先程まで自室で茶を啜って居たというのに、目を開けた次の瞬間にはこの白塗りの部屋に居た。すわ何事かと暗器を手に咄嗟に防御体制を取れば、同じように狼隊の陣内、陣左、尊奈門。それから長烈。そこに何故か年端もいかぬ忍たまの善法寺伊作君と鶴町伏木蔵君。聞けば皆直前までバラバラの場所に居たという。妖術の類いかと皆で話をし始めれば、冒頭の事が書かれた文がポトリと私の目の前に落ちてきたわけである。ウチの人間はともかく忍たままで居るのは由々しき事態である。

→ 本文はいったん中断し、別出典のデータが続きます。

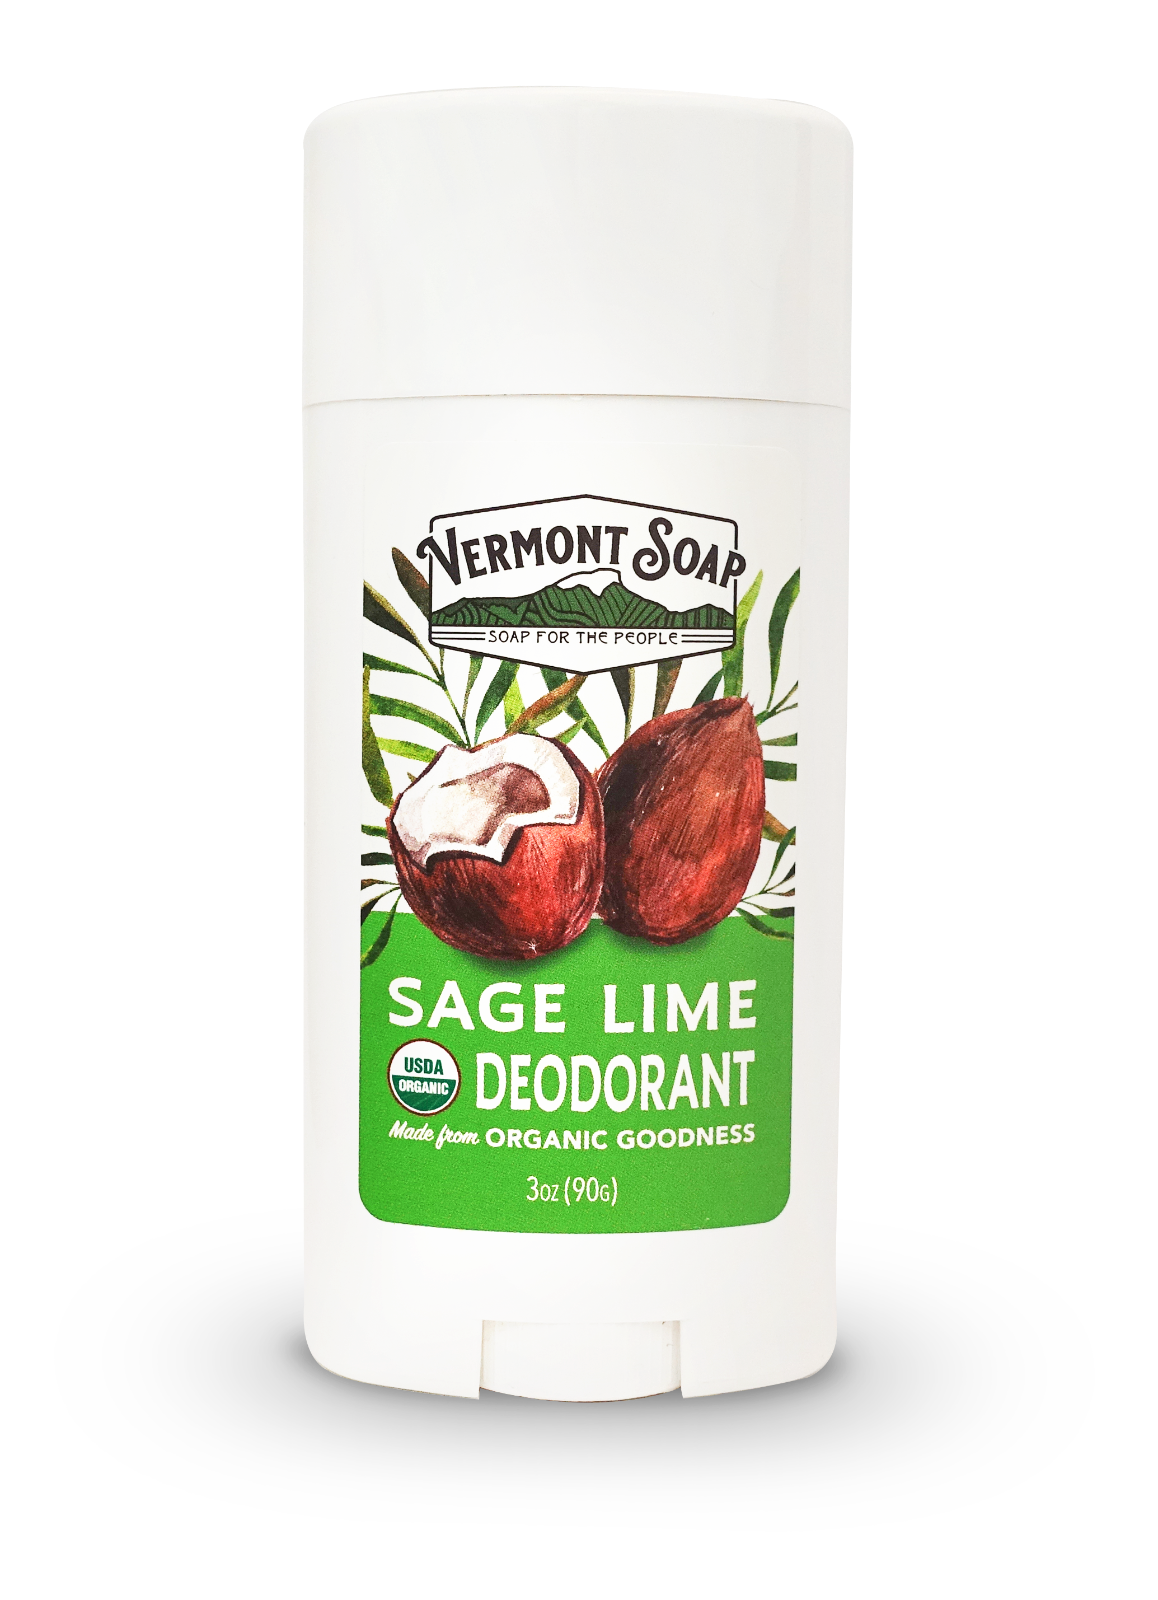 Vermont Soap Organic Deodorant - Sage Lime
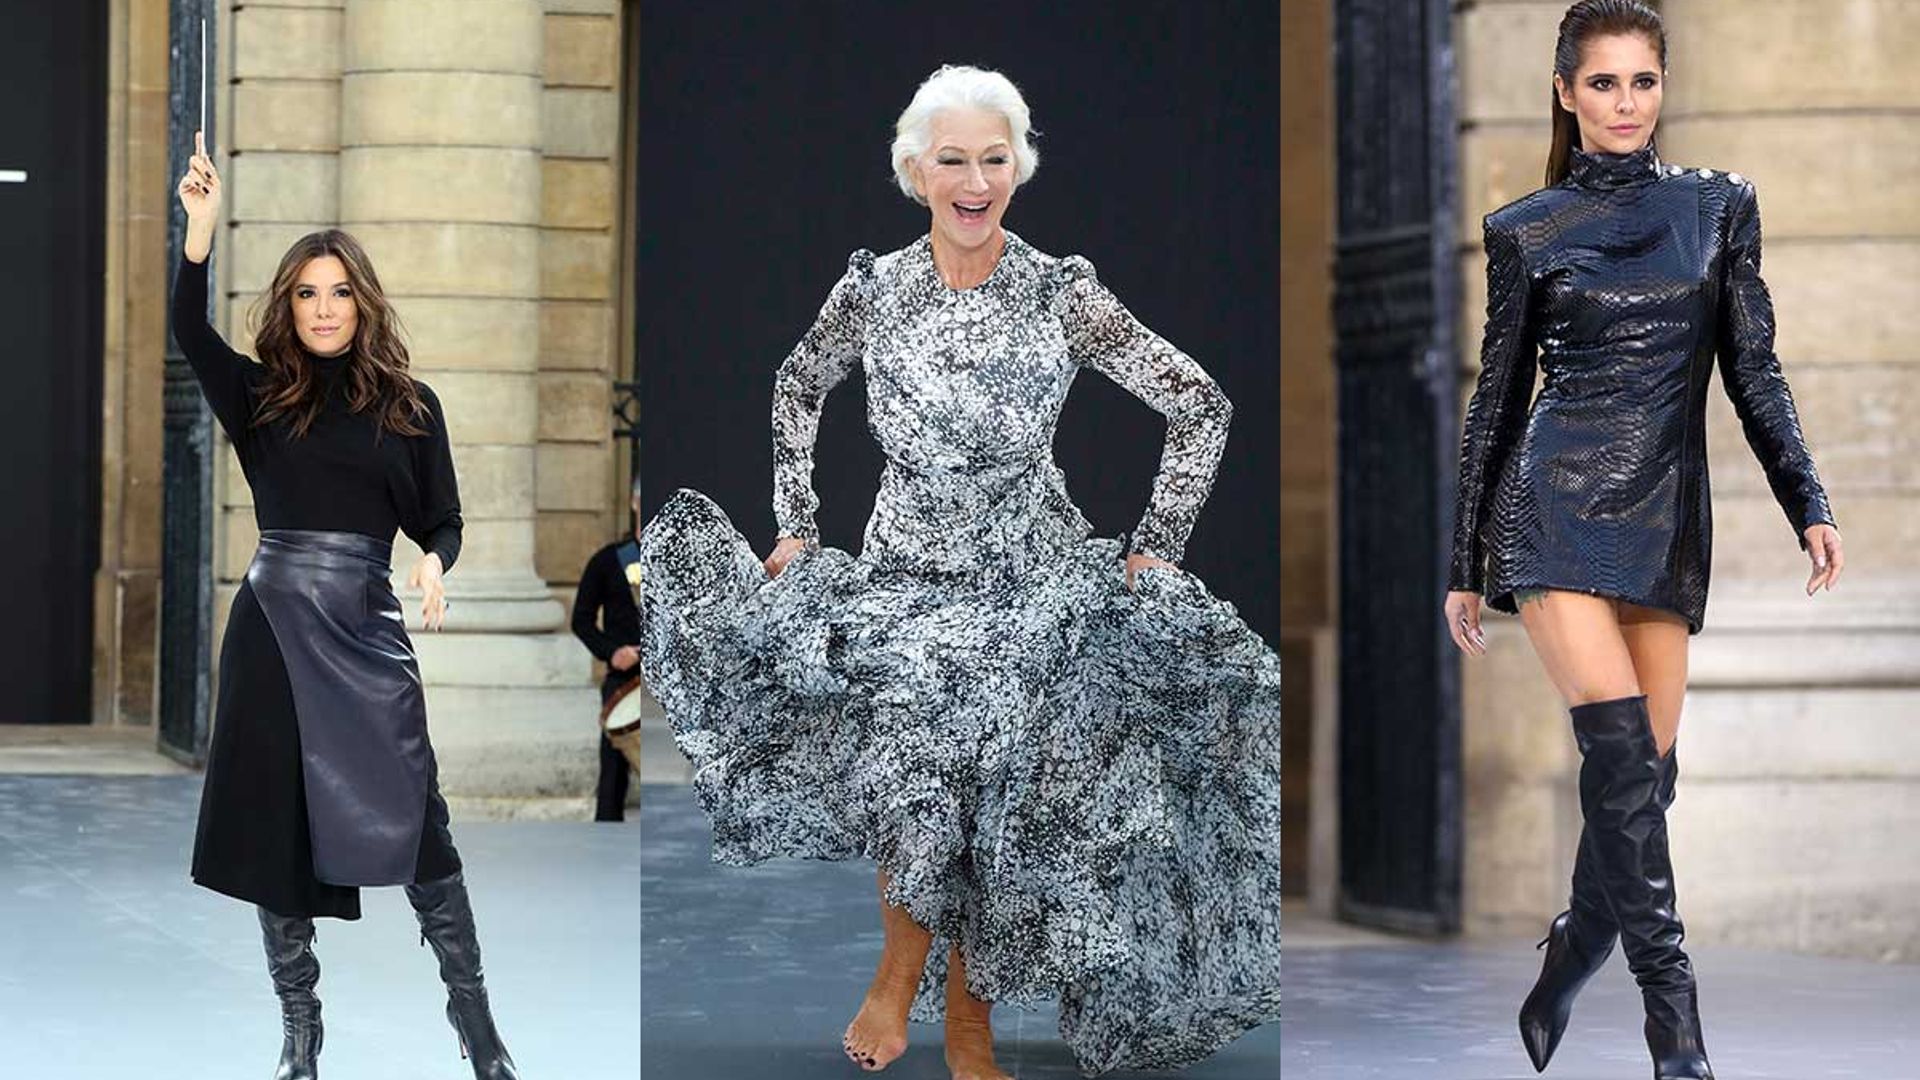 Dame Helen Mirren, 74, walks the catwalk at Paris Fashion Week alongside Cheryl and Eva Longoria

「は、はあ……。事態は分かりましたが、その、僕はともかく伏木蔵は返して貰えませんか……? こんな爛れた場所に一年生が居るのはちょっと……」
「善法寺先輩、こんなスリルとサスペンスが蔓延る場所から僕を追い出そうだなんて酷いですよ~」
「「いや、子供は帰りなさい」」
「こなもんさんも山本さんもイケズ~」
「伏木蔵……」
伏木蔵は目をキラキラさせてこの場を楽しんでいるようだ。それに伊作君は溜息を吐いている。伊作君、おじさんも同じ気持ちだよ……。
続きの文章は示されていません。